TASK DATA>
Start of Block

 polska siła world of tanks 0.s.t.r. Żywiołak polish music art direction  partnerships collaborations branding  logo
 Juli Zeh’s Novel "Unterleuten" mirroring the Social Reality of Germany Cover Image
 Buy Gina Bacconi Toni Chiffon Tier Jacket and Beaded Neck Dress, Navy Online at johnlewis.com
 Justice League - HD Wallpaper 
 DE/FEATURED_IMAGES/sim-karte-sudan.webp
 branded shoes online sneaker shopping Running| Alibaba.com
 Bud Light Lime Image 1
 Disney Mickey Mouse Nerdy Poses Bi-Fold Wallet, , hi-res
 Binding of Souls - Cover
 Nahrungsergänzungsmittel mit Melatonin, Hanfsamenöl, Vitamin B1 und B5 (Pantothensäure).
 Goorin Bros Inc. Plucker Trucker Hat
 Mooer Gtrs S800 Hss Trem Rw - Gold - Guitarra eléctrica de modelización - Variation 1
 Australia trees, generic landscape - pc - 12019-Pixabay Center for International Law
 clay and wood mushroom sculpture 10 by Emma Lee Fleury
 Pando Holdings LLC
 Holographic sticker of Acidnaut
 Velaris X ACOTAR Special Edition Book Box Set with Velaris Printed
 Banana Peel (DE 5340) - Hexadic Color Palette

End of Block

TASK REQUIREMENTS>
Beginning at the line that holds "Mooer Gtrs S800", write out word for word each line through the end of the records.

SOLUTION TO THIS PROBLEM>
 Mooer Gtrs S800 Hss Trem Rw - Gold - Guitarra eléctrica de modelización - Variation 1
 Australia trees, generic landscape - pc - 12019-Pixabay Center for International Law
 clay and wood mushroom sculpture 10 by Emma Lee Fleury
 Pando Holdings LLC
 Holographic sticker of Acidnaut
 Velaris X ACOTAR Special Edition Book Box Set with Velaris Printed
 Banana Peel (DE 5340) - Hexadic Color Palette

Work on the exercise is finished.